The main goal of this study was to design a hybrid model named ISTL-LSTM for passenger flow prediction. In the case study, we used the data during the COVID-19 pandemic in Beijing to test the performance of the proposed model. This research supports the idea that compared with some single models and the STL-LSTM hybrid model, the ISTL-LSTM model can effectively predict daily bus passenger flow. The accuracy can be improved by at least 15%.

The proposed ISTL-LSTM model can be applied to bus passenger flow prediction after the COVID-19 outbreak to monitor the trend of daily bus passenger flows under the impact of the pandemic.
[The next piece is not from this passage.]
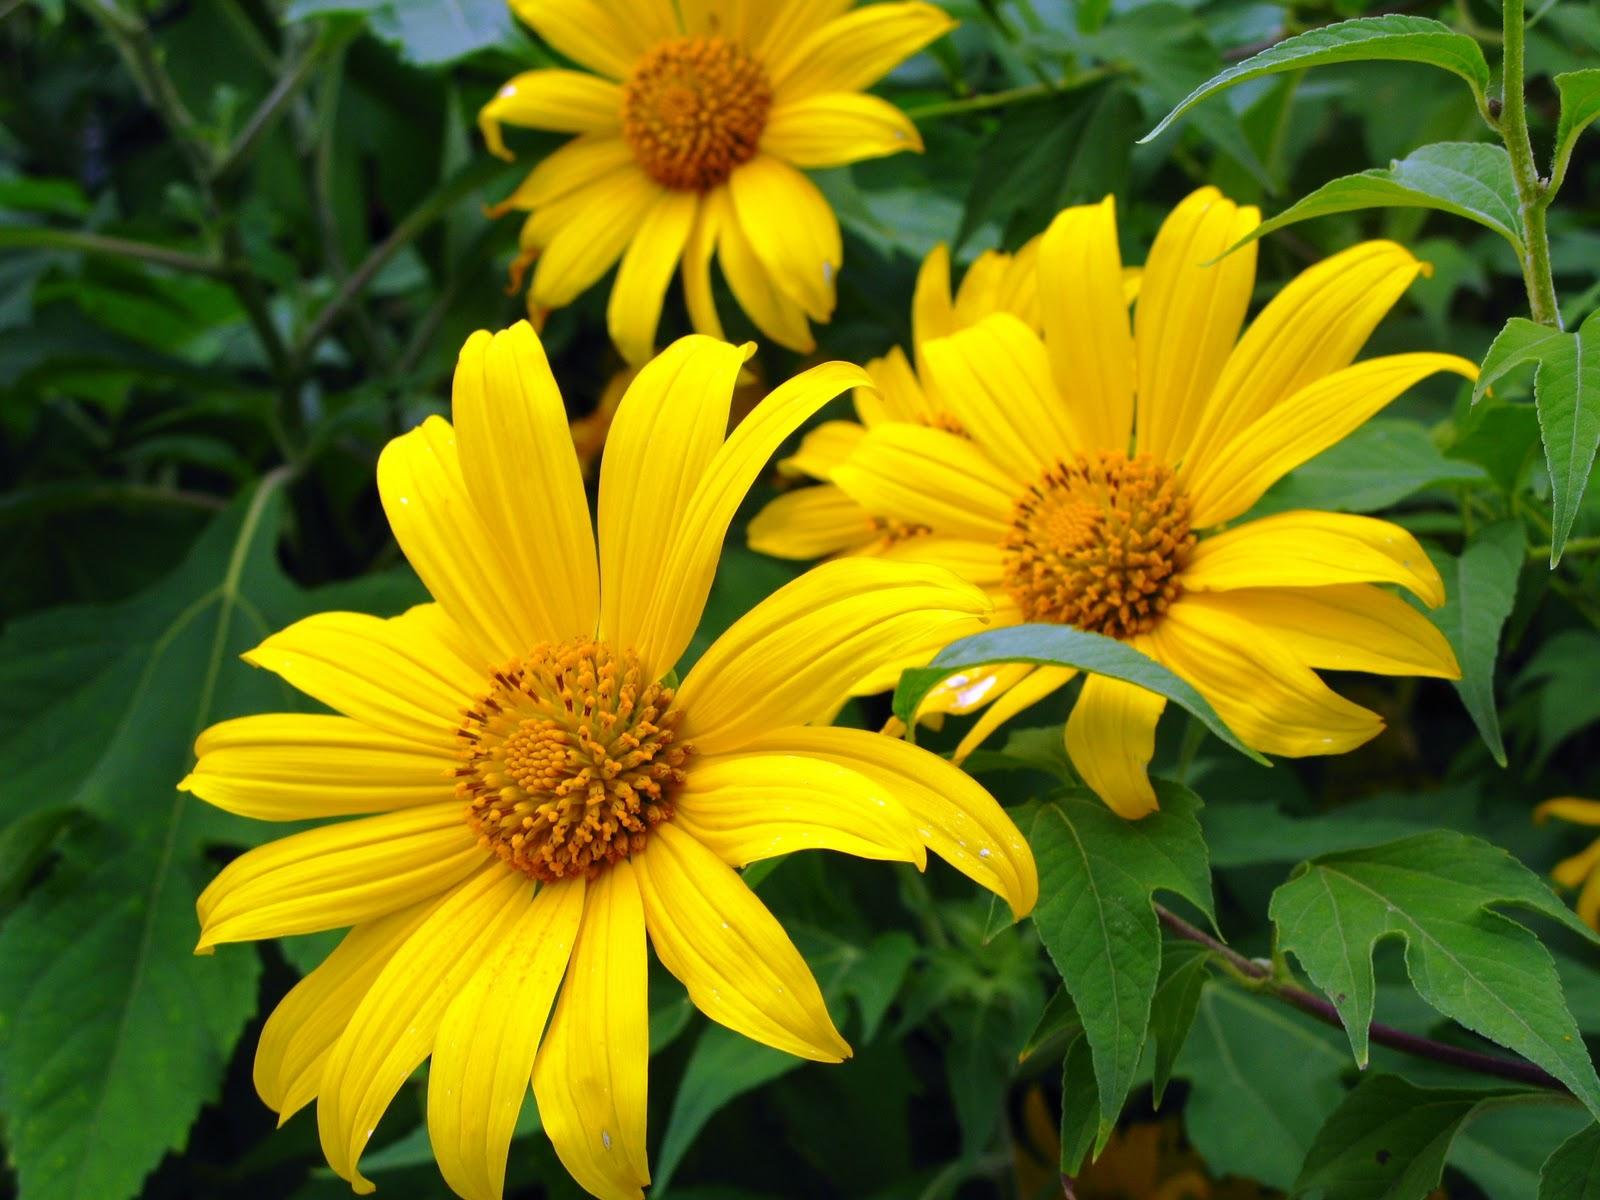 Ý nghĩa ngọt ngào của đóa hoa Dã Qùy trong tình yêu
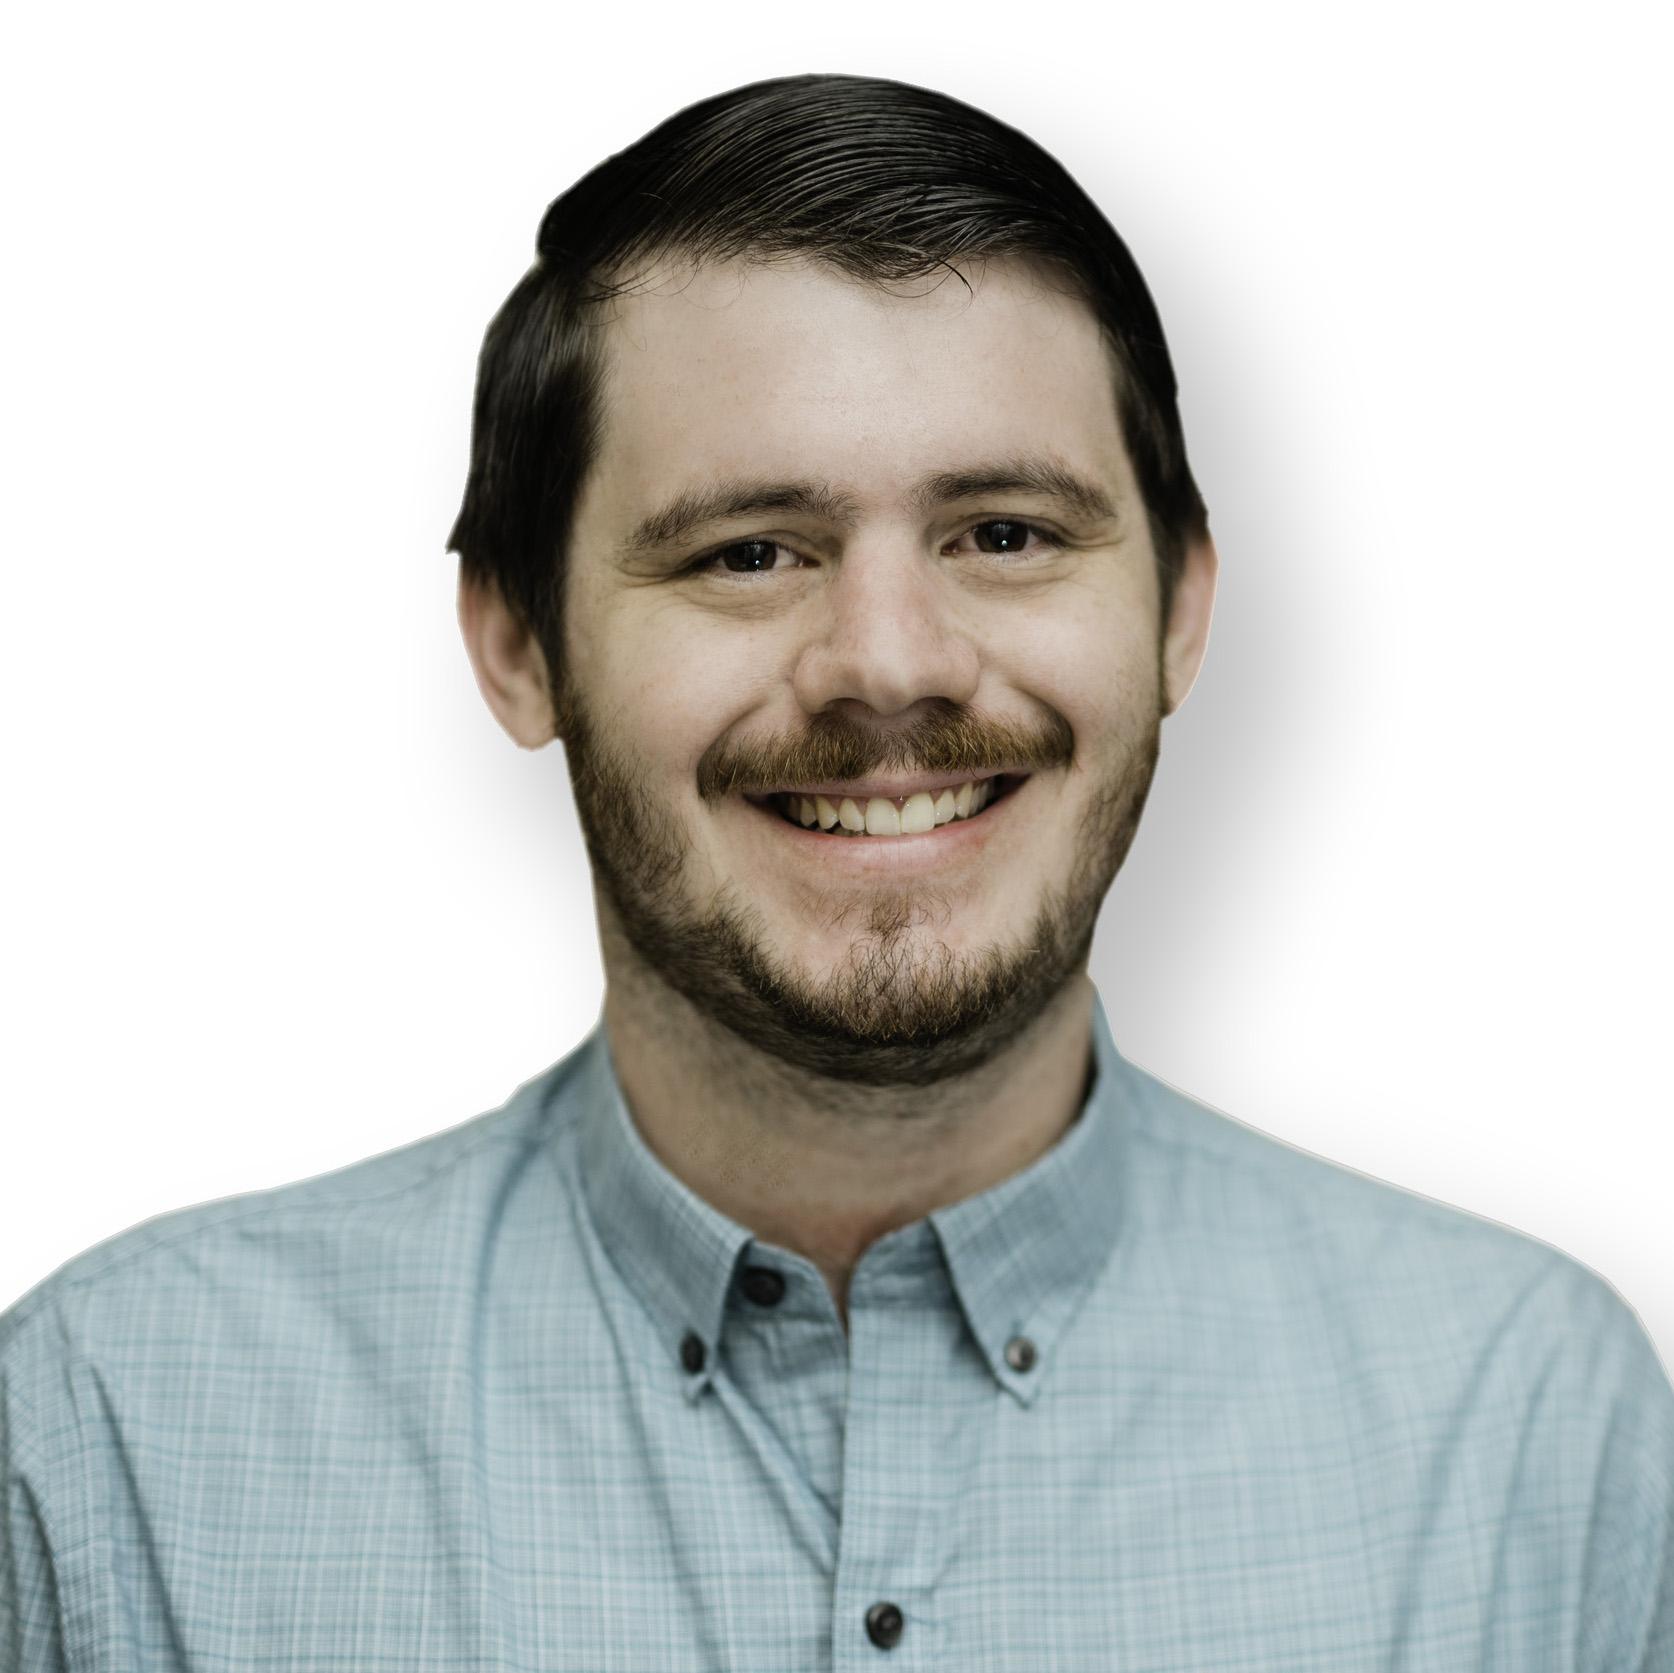 Zachary Lyons - Full-Stack Developer

Based on the predicted passenger flow, the public transport companies, such as TOCC and BPTC, can make better decisions on operation scheduling, including controlling the time interval between bus departures, and adjusting the number of buses and staff to effectively control operating costs. In addition, predicted passenger flow is also important to epidemic prevention and early warnings to help these companies make quick responses to an epidemic or pandemic disease in advance, such as controlling the maximum number of passengers on each bus and the minimum passenger distance.

The next step of our research is to add other related features from the bus index system to the proposed model and employ integrated models for sub-series prediction based on this research. This will further improve the accuracy of model prediction and the robustness of the entire model.